Processors are general purpose devices. They have to be able to handle hundreds of instructions, and that means that each time they execute one they have identify what it is and make many decisions about what bits of themselves to use in servicing it. That's slow and tricky to speed up - and has exercised processor designers for decades.
A report from the University of California at Riverside has a rather intriguing development. When a processor spots a set of instructions being repeatedly executed, it creates a temporary design in hardware specifically to perform the same task. This design is loaded into a reconfigurable set of logic gates, which run at full hardware speed. No need to execute the software instruction by instruction.
The reported speed-ups are remarkable - ten, a hundred, even a thousand times improvement - and the press release predicts great things for this. The inventor, Professor Frank Vahid, says that this will be applicable to all processors.

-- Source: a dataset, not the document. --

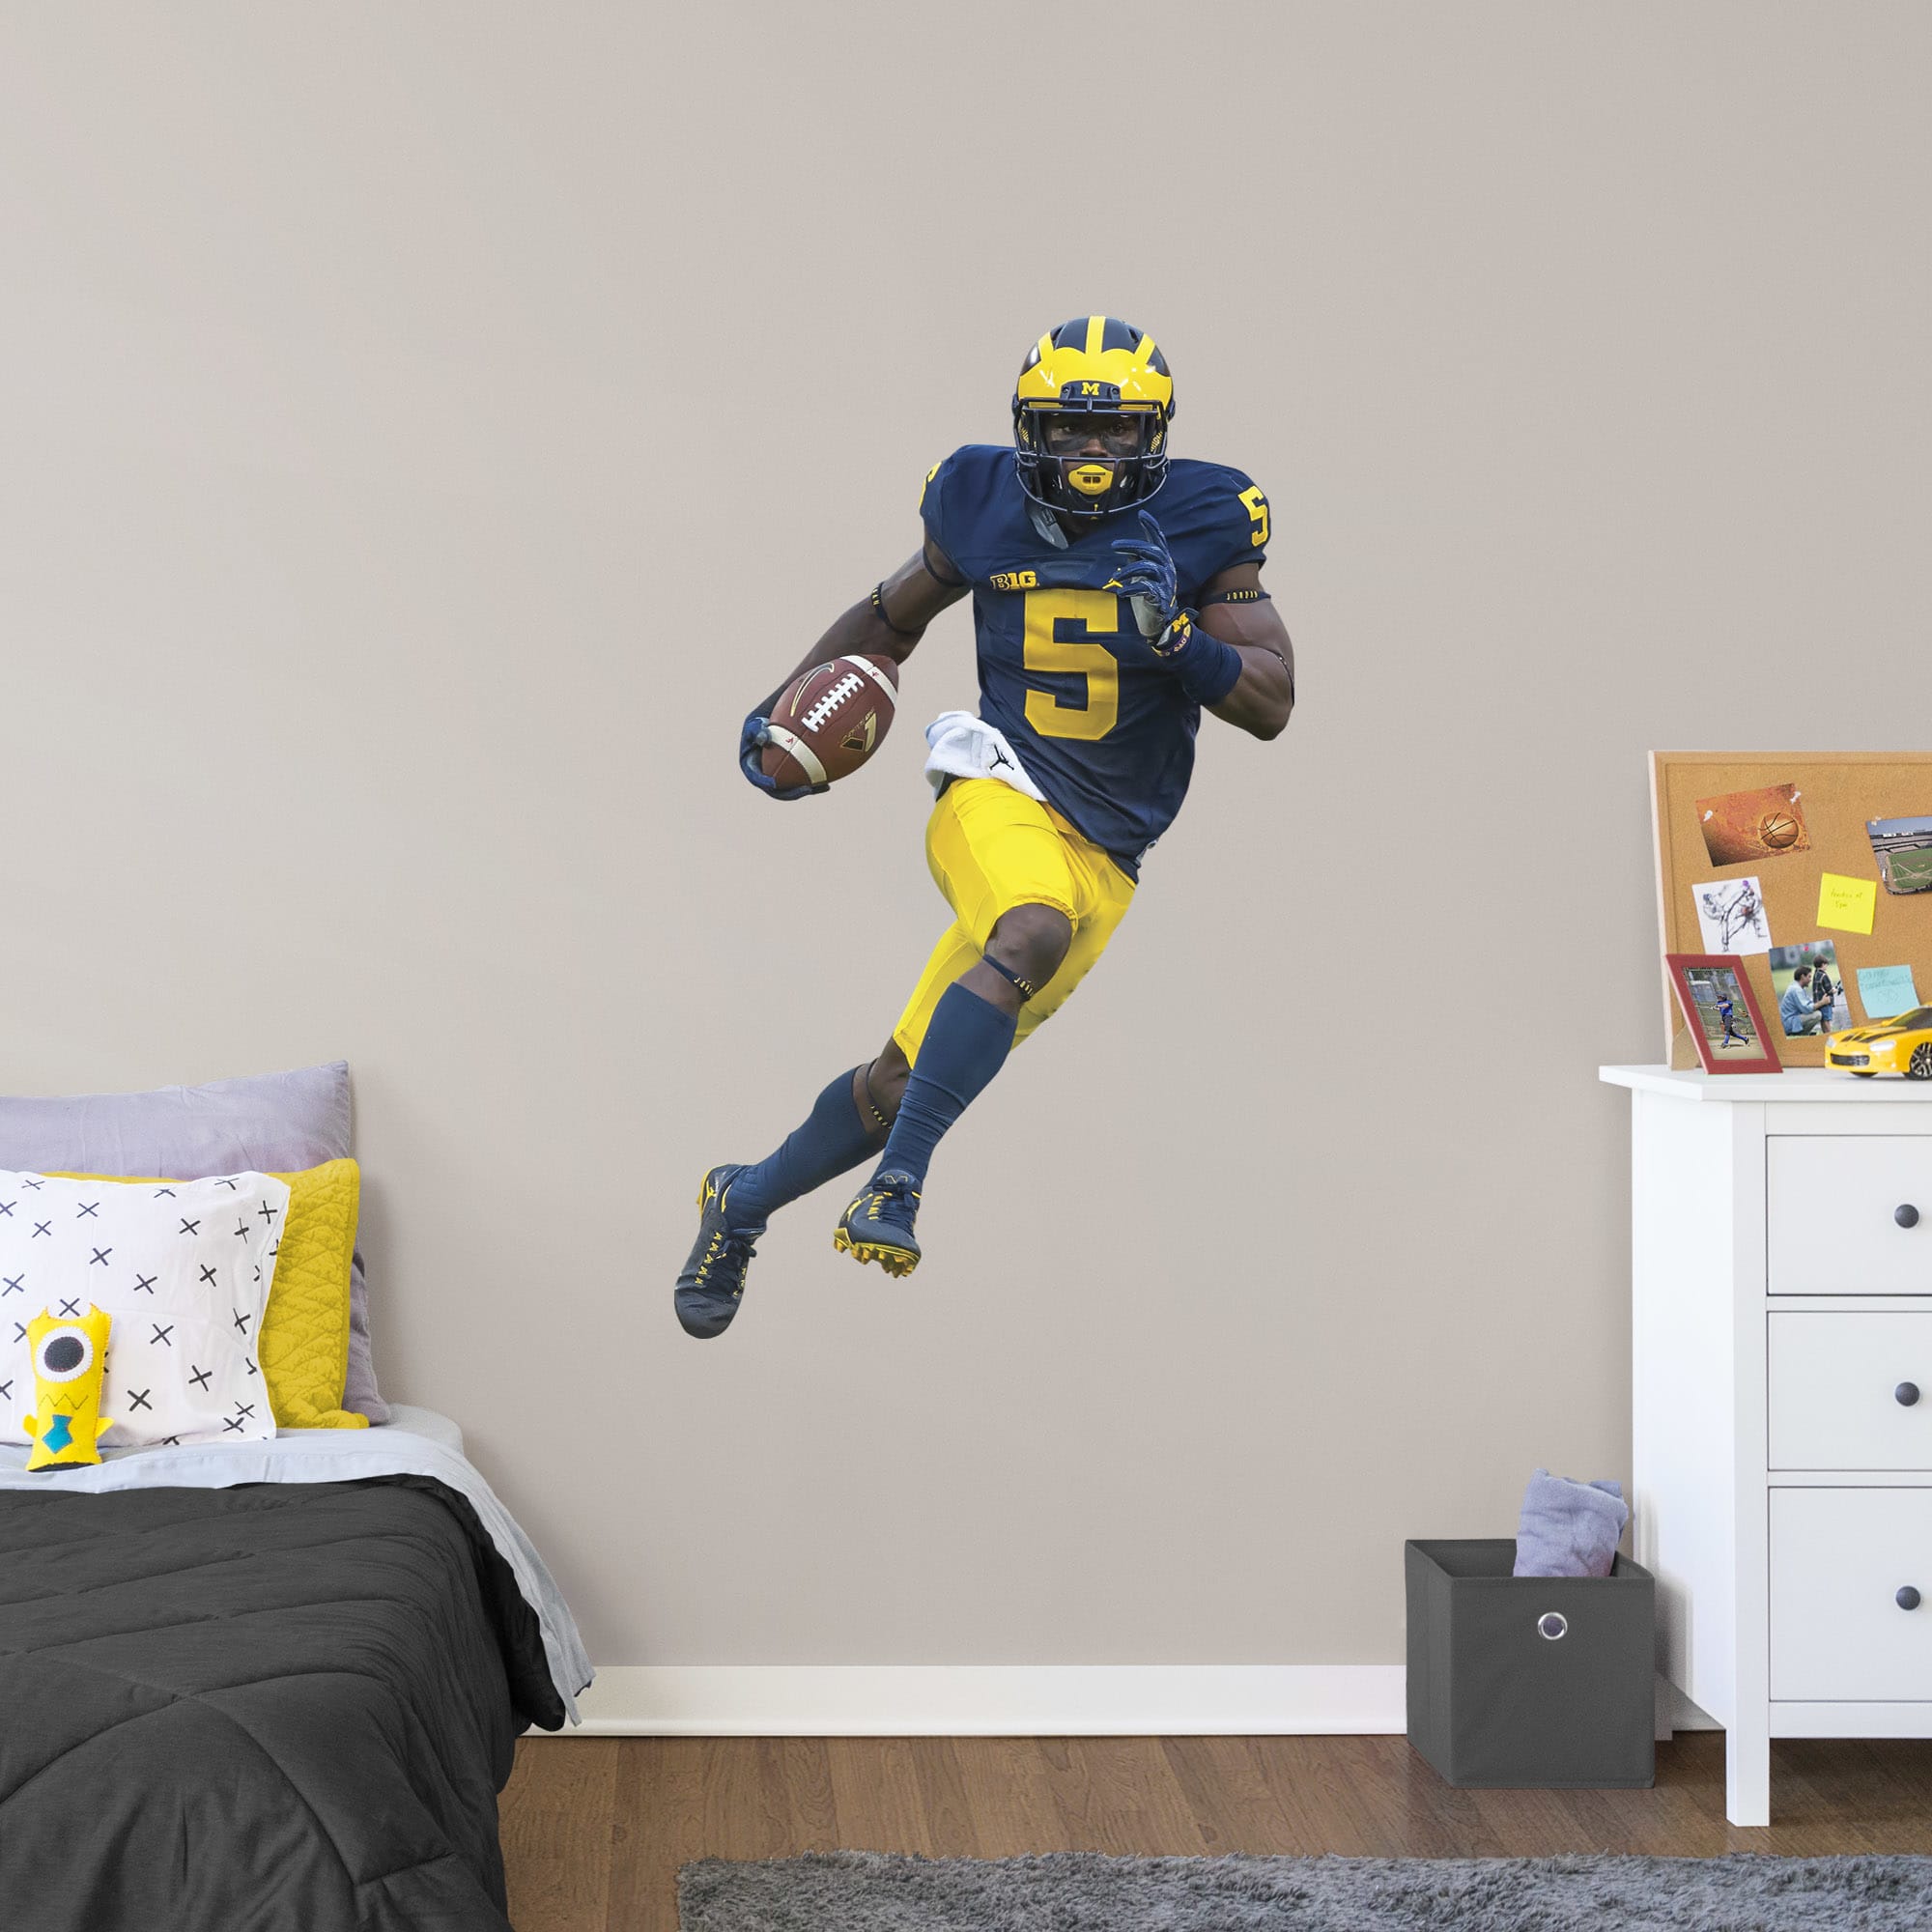 Jabrill Peppers for Michigan Wolverines: Michigan - Officially Licensed Removable Wall Decal Giant Athlete + 2 Decals (31"W x 51

Now, this is interesting - but don't get too excited just yet. Using FPGAs (Field Programmable Gate Arrays - great seas of logic that can be reconfigured into different hardware designs on the fly) is a well-respected and effective method of speeding up computing, and there are a number of intriguing possibilities raised if you start integrating this with the heart of a processor. Lots of issues about bandwidth, memory cohesion and bus design are either solved or simplified.
But FPGA computing has one big drawback. It is hellishly difficult to extend to the general case. The whole field is being held back not by the cost of the hardware (which is large) or willingness to make it work, but by evolution's thoughtless failure to create enough extremely brainy people. If you have a particular supercomputing task, a year or so, and some of the few computational FPGA wizards in captivity, you can create a machine that will outperform anything on the planet. Otherwise, you're stuffed - the business of designing hardware to implement algorithms more efficiently than a general purpose processor is very hard. There are compilers that can do the donkey work, but the results are frequently disappointing - and you'll still need a megabrain-year to fine tune what you get.
Now, try taking that process and automating it - not for particular tasks, but for the general task of spotting loops and reconstituting them in an FPGA. That's much, much harder. Many processors have tried similar ideas related to recoding instruction streams for more efficient execution, and this can work - but it tends to be a simple minded translation. Inline on-the-fly code analysis is an order of magnitude harder, and that's before you get to the bit where you have to invent the logic that can replicate it, only faster.
Prof Vahid is no slouch: he's got all the big chip companies looking to license his ideas, and he's presented a paper (behind a paywall) about how it works that got mentioned in dispatches from a hardware/software design synthesis conference. But I'll be surprised if the benefits are significant for existing software, if they don't need compilers and other tools that can understand how to create sequences of instructions that are easy to recognise or contain other hints to the hardware, and if testing and verifying the designs doesn't turn grown men into mewling kittens.
Worth keeping an eye on, though.